Sebagai santri Al-Amien, yang setiap harinya dipenuhi dengan kegiatan yang padat. Pastinya, waktu untuk membaca cukup singkat. Maka, penulis menyarankan. Bagi anda yang hobi membaca agar menggunakan metode tersebut yaitu membaca intensif dalam kegiatan membaca anda.
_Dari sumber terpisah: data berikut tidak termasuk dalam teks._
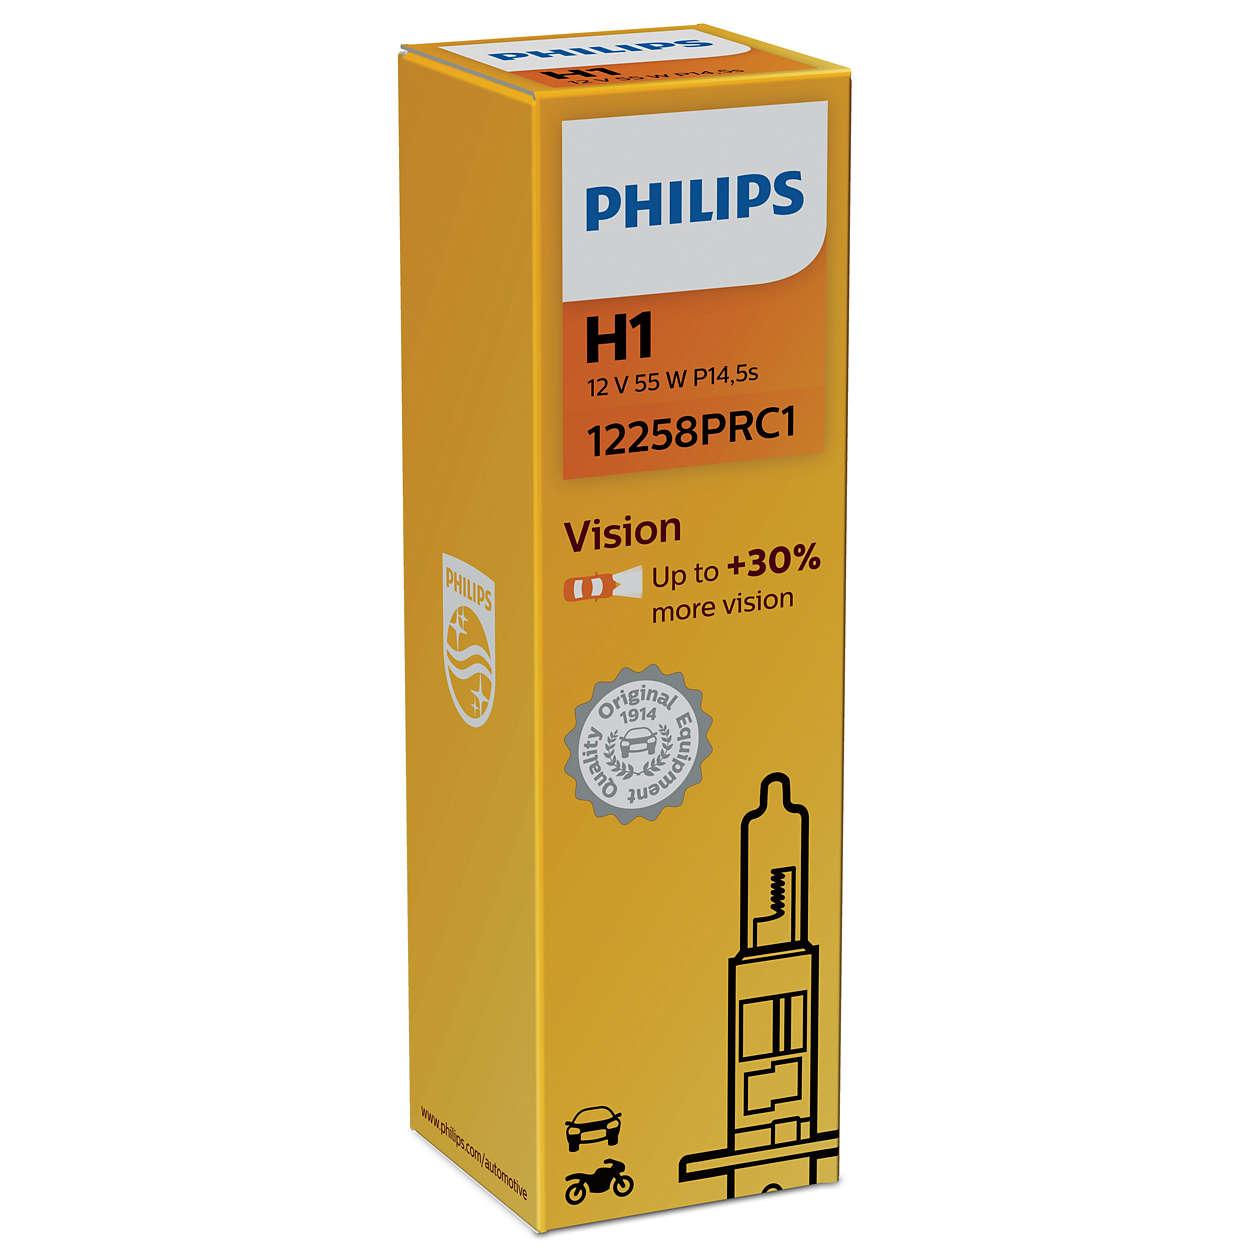 Philips Vision+30% 12258PRC1 H1 P14,5s 12V 55W

Hal yang tak kalah penting dalam mengembangkan keilmuan adalah tulis-menulis. Tulis-menulis sangat luas penjabarannya dan sangat bervariasi. Semisal: karya ilmiyah, cerpen, puisi dsb. Hal ini telah disinggung di paragrap sebelumnya. Setelah membaca lebih afdlolnya kita menulis sedikit resume dari apa yang kita baca. Karena itu mencoba pemahaman kita terhadap apa yang telah kita baca.
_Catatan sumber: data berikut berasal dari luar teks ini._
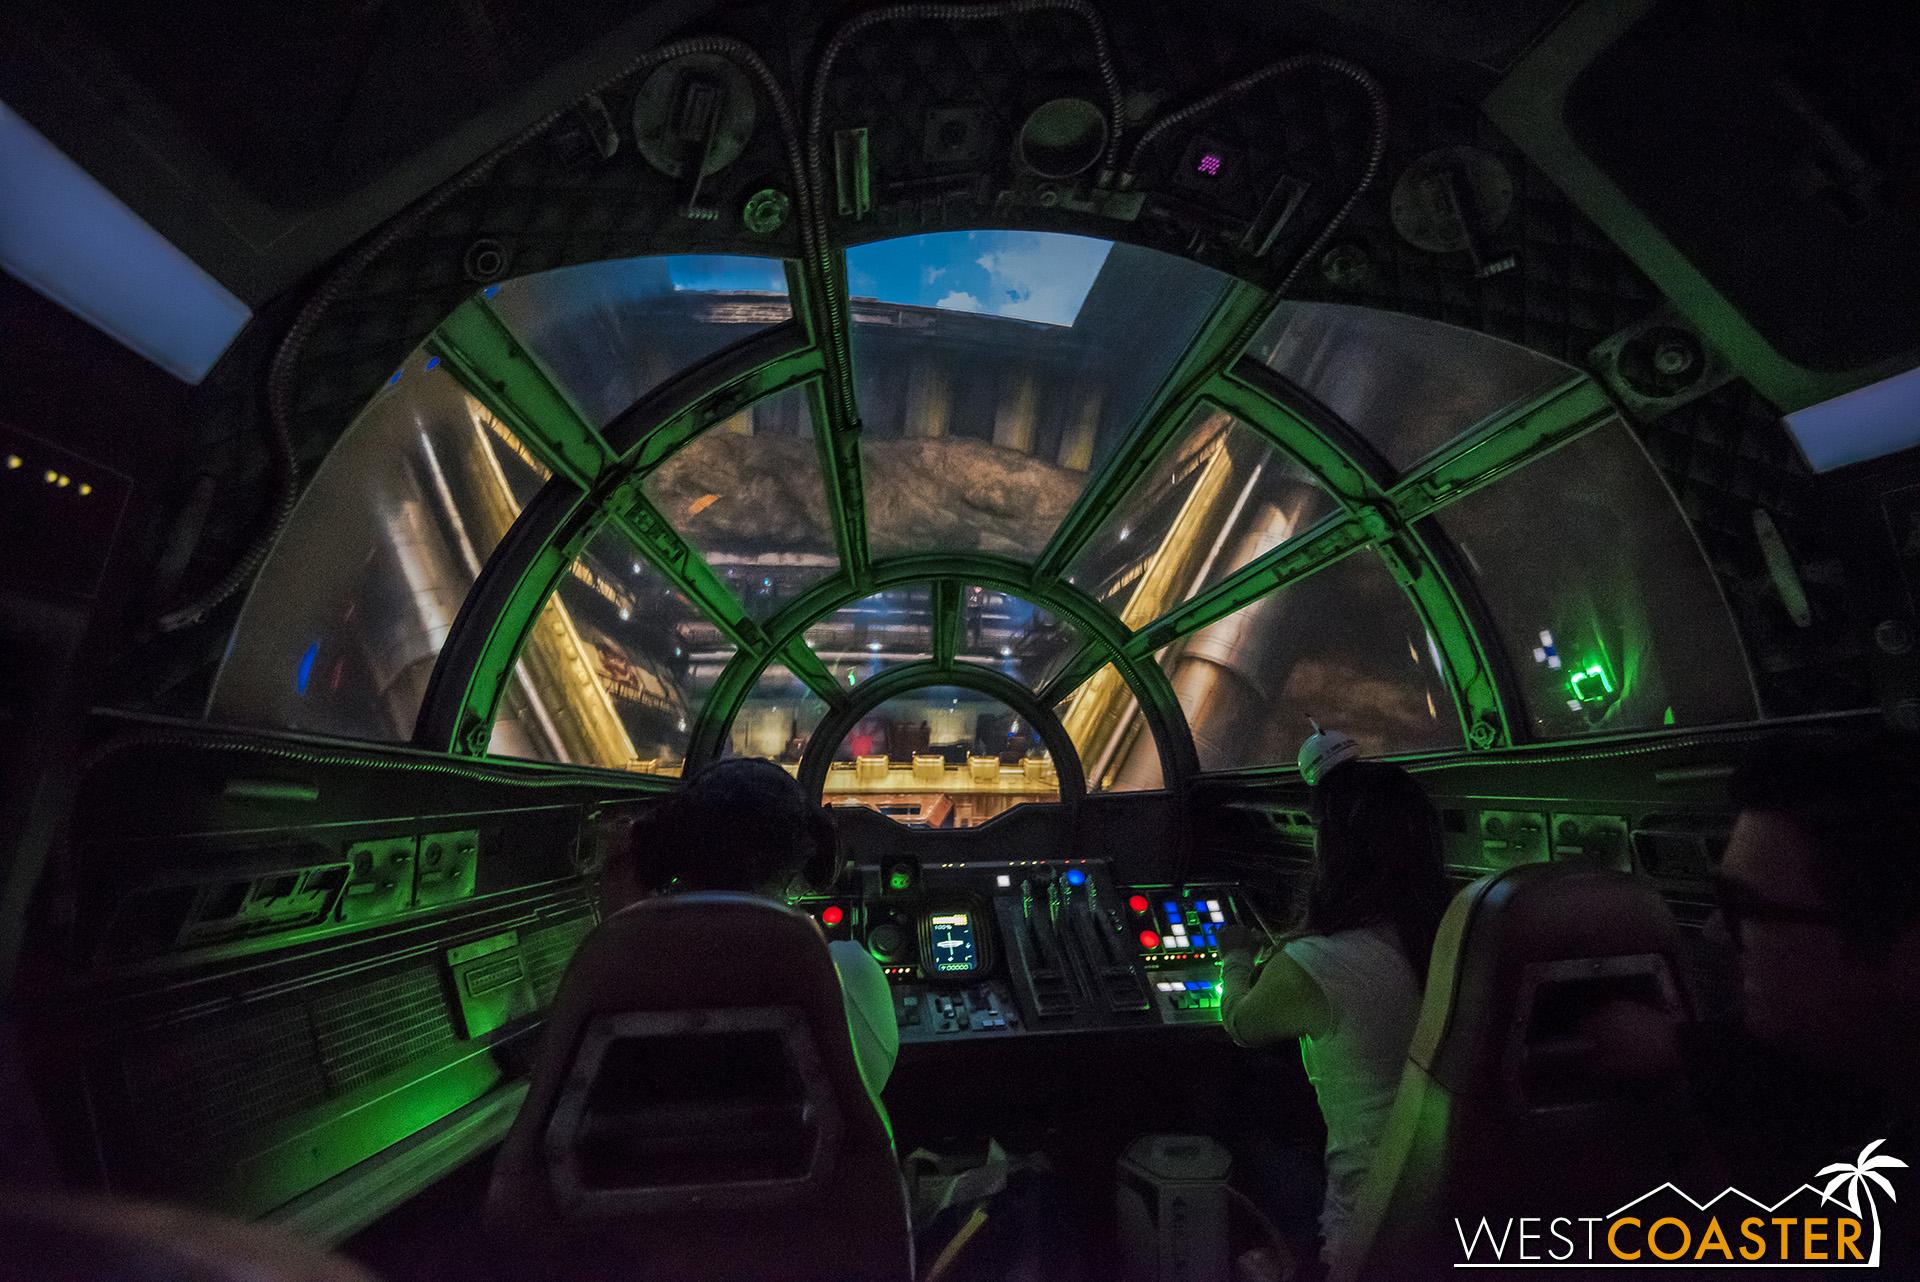 DLR-19_0606-D-Cockpit-0004.jpg

Pernah ulama’ kita di zaman klasik yaitu, Imam Syafi’ie, berkata, “Ilmu itu bagaikan binatang buruan. Maka ikatlah binatang buruanmu (ilmu) dengan tulisan, walaupun hanya di dinding.” Dari perkataan tadi kita dapat mengambil hikmah dan mengerjakannya sesuai saran diatas. Dan agar kapasitas keilmuwan dan kreativitas kita makin berkembang, kita patut mengikuti pesan dari perkataan Imam Syafi’i tadi. Ketika kita mengetahui beberapa kata sulit dalam bahasa arab, kita hanya menghapalkannya saja tanpa menuliskannya di buku. Saya yakin. Setelah beberapa bulan atau tahun kalimat-kalimat yang pernah kita hafal sebagian akan hilang memudar. Jauh dibandingkan dengan orang yang berpegang teguh terhadap perkataan Imam Syafi’i tadi. Ketika dia memperleh suatu ilmu, dia  akan menuliskannya di buku dan ketika ia lupa. Ia bisa melihat kembal ke catatan tersebut. Dalam tanda kutip, “hewan buruan tidak akan kabur jika kita mengikatnya dengan tali yang kuat”. Dalam artian suatu ilmu yang diikat (ditulis) dalam sebuah buku, maka ilmu itu tidak akan hilang meski waktu terus berputar.


*Santri kelas lll Intensif  A,  asal Bondowoso.